Yes, a long run with 3:1 is no more "As Designed" :-)




- Davide


2002-01-14 15:47:47

by Ingo Molnar

[permalink] [raw]
Subject: Re: cross-cpu balancing with the new scheduler


(it turns out that Manfred used 2.5.2-pre11-vanilla for this test.)

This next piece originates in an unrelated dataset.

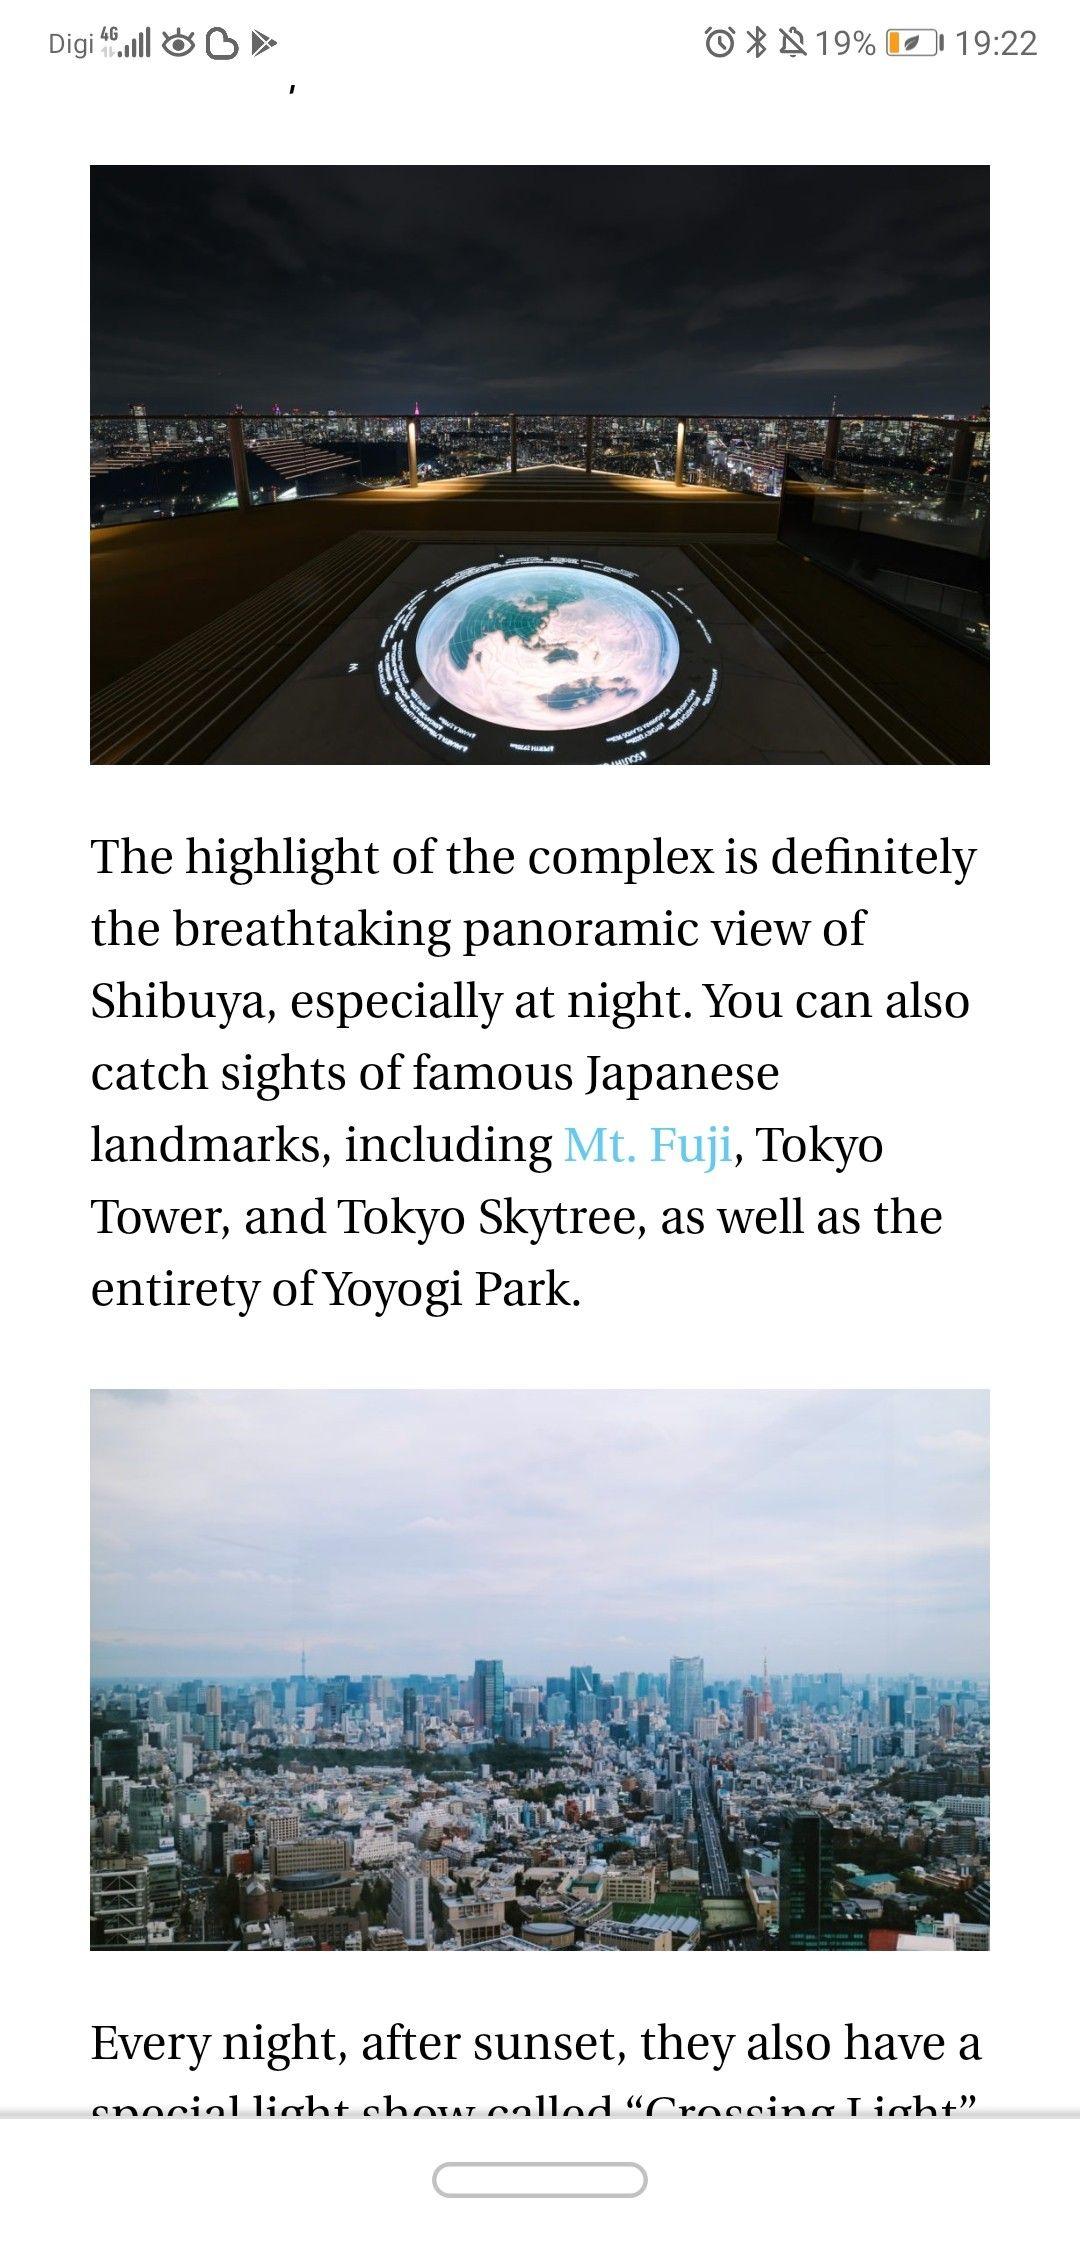 Pin By Rina Zamberi On Travelore In 2020 Tokyo Tower Tokyo Skytree Yoyogi Park
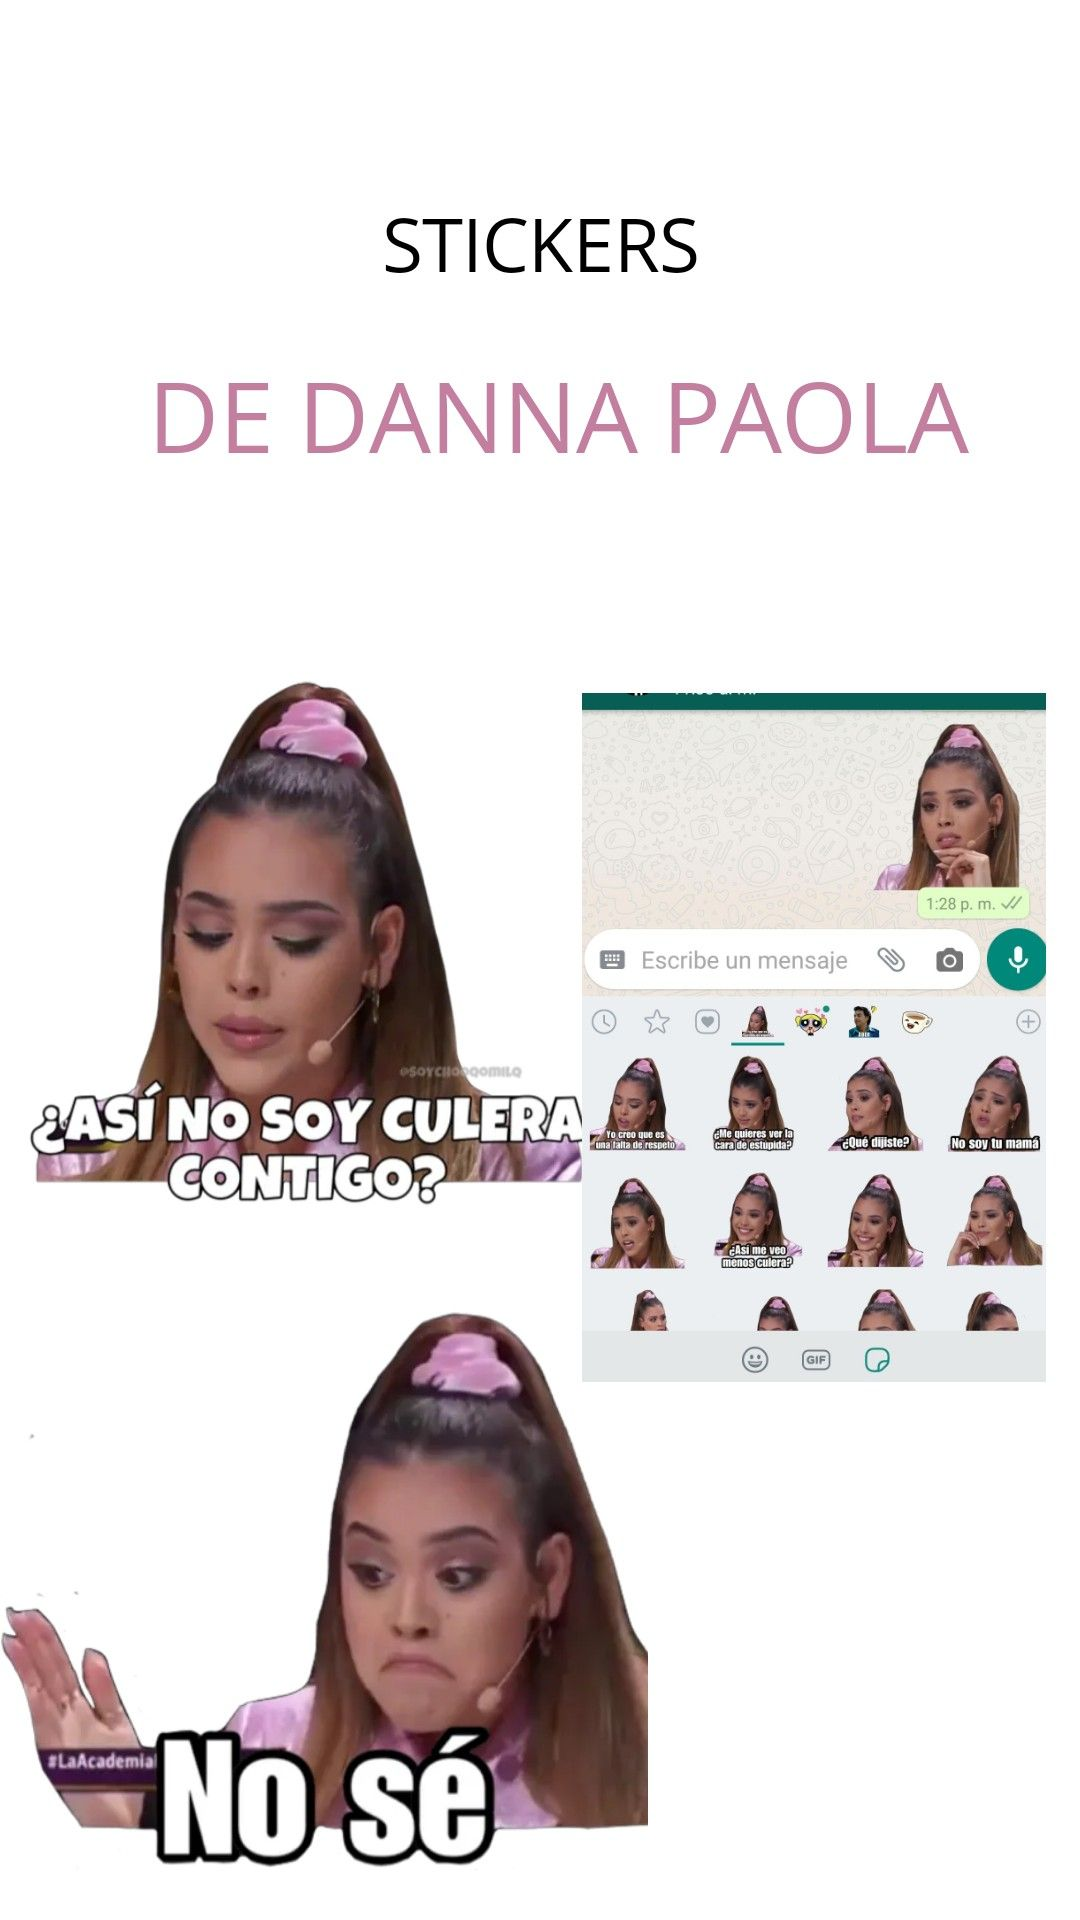 Stickers De Danna Paola Imagenes Divertidas Para Whatsapp Fotos Chistosas Para Whatsapp Caras Para Stickers

On Mon, 14 Jan 2002, Manfred Spraul wrote:

> PID USER PRI NI SIZE RSS SHARE STAT %CPU %MEM TIME COMMAND
> 1163 root 39 19 396 396 324 R N 99.5 0.1 0:28 eatcpu
> 1164 root 39 19 396 396 324 R N 33.1 0.1 0:11 eatcpu
> 1165 root 39 0 396 396 324 R 33.1 0.1 0:07 eatcpu
> 1166 root 39 -19 396 396 324 R < 31.3 0.1 0:06 eatcpu

The load-balancer in 2.5.2-pre11 is known-broken, please try the -H7 patch
to get the latest code.

Ingo

2002-01-15 00:29:50

by Anton Blanchard

[permalink] [raw]
Subject: Re: cross-cpu balancing with the new scheduler


> eatcpu is a simple cpu hog ("for(;;);"). Dual CPU i386.
>
> $nice -19 ./eatcpu&;
> <wait>
> $nice -19 ./eatcpu&;
> <wait>
> $./eatcpu&.
>
> IMHO it should be
> * both niced process run on one cpu.
> * the non-niced process runs with a 100% timeslice.
>
> But it's the other way around:
> One niced process runs with 100%. The non-niced process with 50%, and
> the second niced process with 50%.

Rusty and I were talking about this recently. Would it make sense for
the load balancer to use a weighted queue length (sum up all priorities
in the queue?) instead of just balancing the queue length?

Anton

2002-01-15 14:40:53

by Ingo Molnar

[permalink] [raw]
Subject: Re: cross-cpu balancing with the new scheduler


On Mon, 14 Jan 2002, Anton Blanchard wrote:

> Rusty and I were talking about this recently. Would it make sense for
> the load balancer to use a weighted queue length (sum up all
> priorities in the queue?) instead of just balancing the queue length?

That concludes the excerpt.